The announcement from City Hall on Tuesday deviated from a month of more deliberate moves, where city leaders attempted to balance the needs of the area’s homeless population against complaints from business owners around downtown.
The tip-toeing yielded anger from both sides, peaking when city officials slashed several tents used by homeless people Jan. 19.
Still, Baker sought to deflect praise for the potential solution, saying it bolsters an effort already underway to end homelessness in the county.
The comprehensive strategy won praise from one critic of the city’s previous inaction and continued skepticism from another.
“Today you can see your civic leaders standing before you united,” said City Council member Jamie Bennett, who last week criticized Baker for not offering a solution. On Tuesday, Bennett stood next to him during the news conference.
“We can do this,” Bennett said. “We just have to have the moral gumption to carry it through.”

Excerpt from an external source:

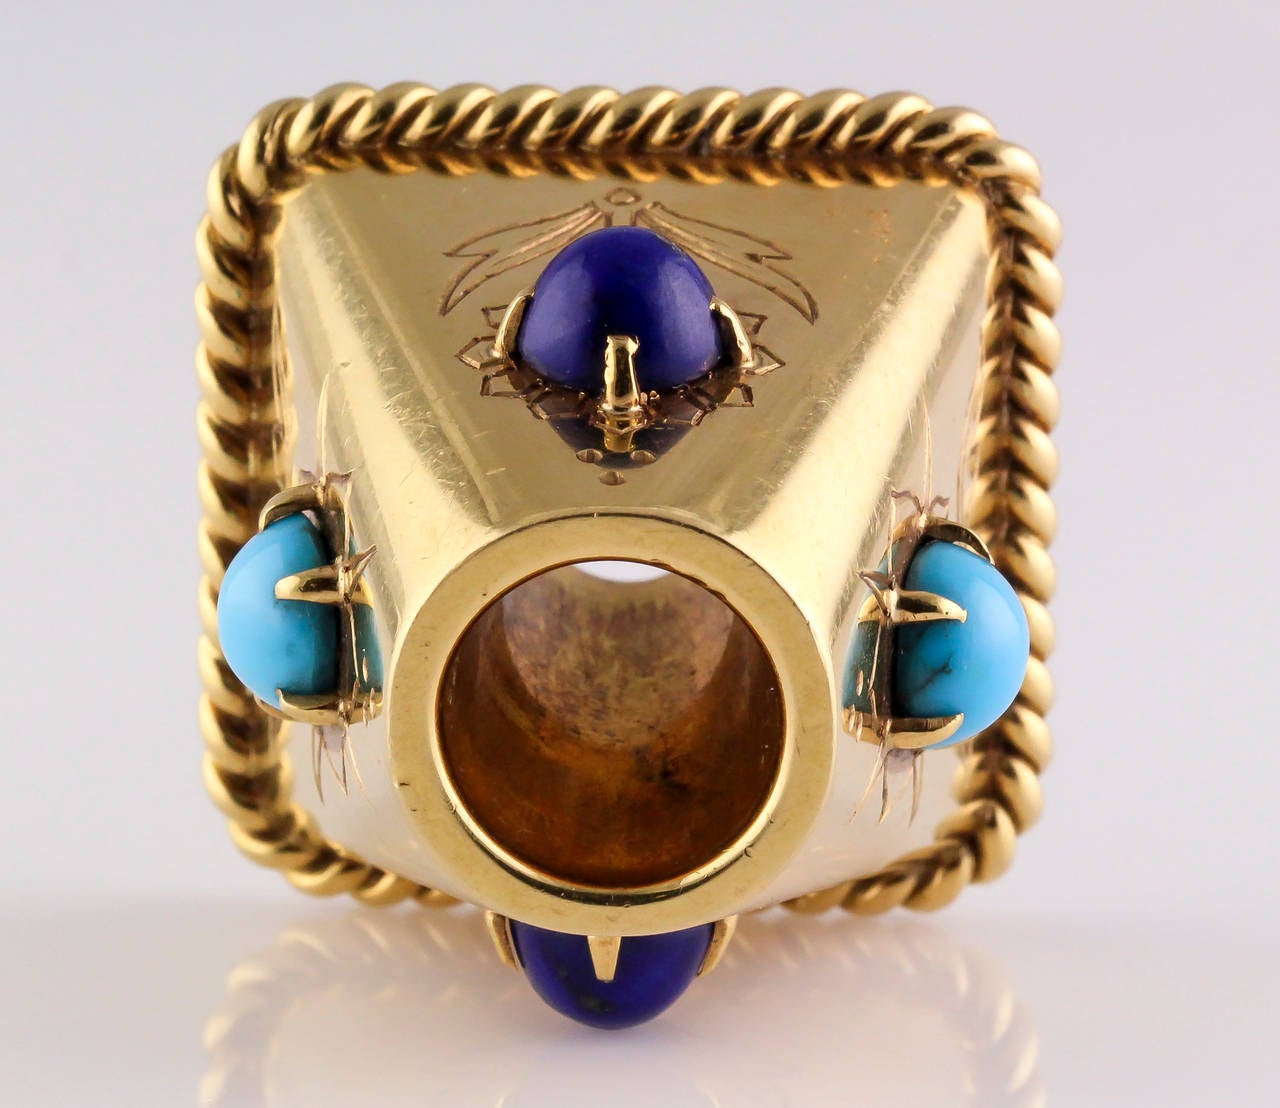 Rare and unusual turquoise, lapis and 18K yellow gold pen holder by Cartier London, circa 1940s. It features blue cabochon lapis stones on opposing ends, and light blue turquoise at other ends. Base has an eye catching twisted rope gold accent, and

Outside City Hall, an advocate for the homeless said he was puzzled that no one who is homeless had a say in Baker’s plan.
“Homeless people are more than happy to sit down and share their experiences,” Eric Rubin said. “Aren’t they the best ones to know what will work?”
Meanwhile, the city faces the threat of litigation for the police raid that resulted in the slashings of tents being used for shelter.
Darryl Rouson, the former president of the St. Petersburg NAACP, is representing the Rev. Bruce Wright and his Refuge Ministries, as well as several homeless people who had their belongings destroyed and their tents damaged in the police raids.
On the same day that he attended Baker’s news conference, Rouson formally notified the city that it could face a lawsuit for civil rights violations that include destroying personal property without due process.
In an interview, Rouson said he was negotiating with the city.
“At this point we are in earnest discussion that may forestall any litigation,” Rouson said.
While Rouson attended the news conference, he gave it a mixed review.
“I wished that a homeless person had been invited to the conference, but it wasn’t my affair,” Rouson said. “We are responding today to an ugly event, but having said that I believe the mayor has great remorse for what happened and will be more determined and passionate toward a long-term solution.”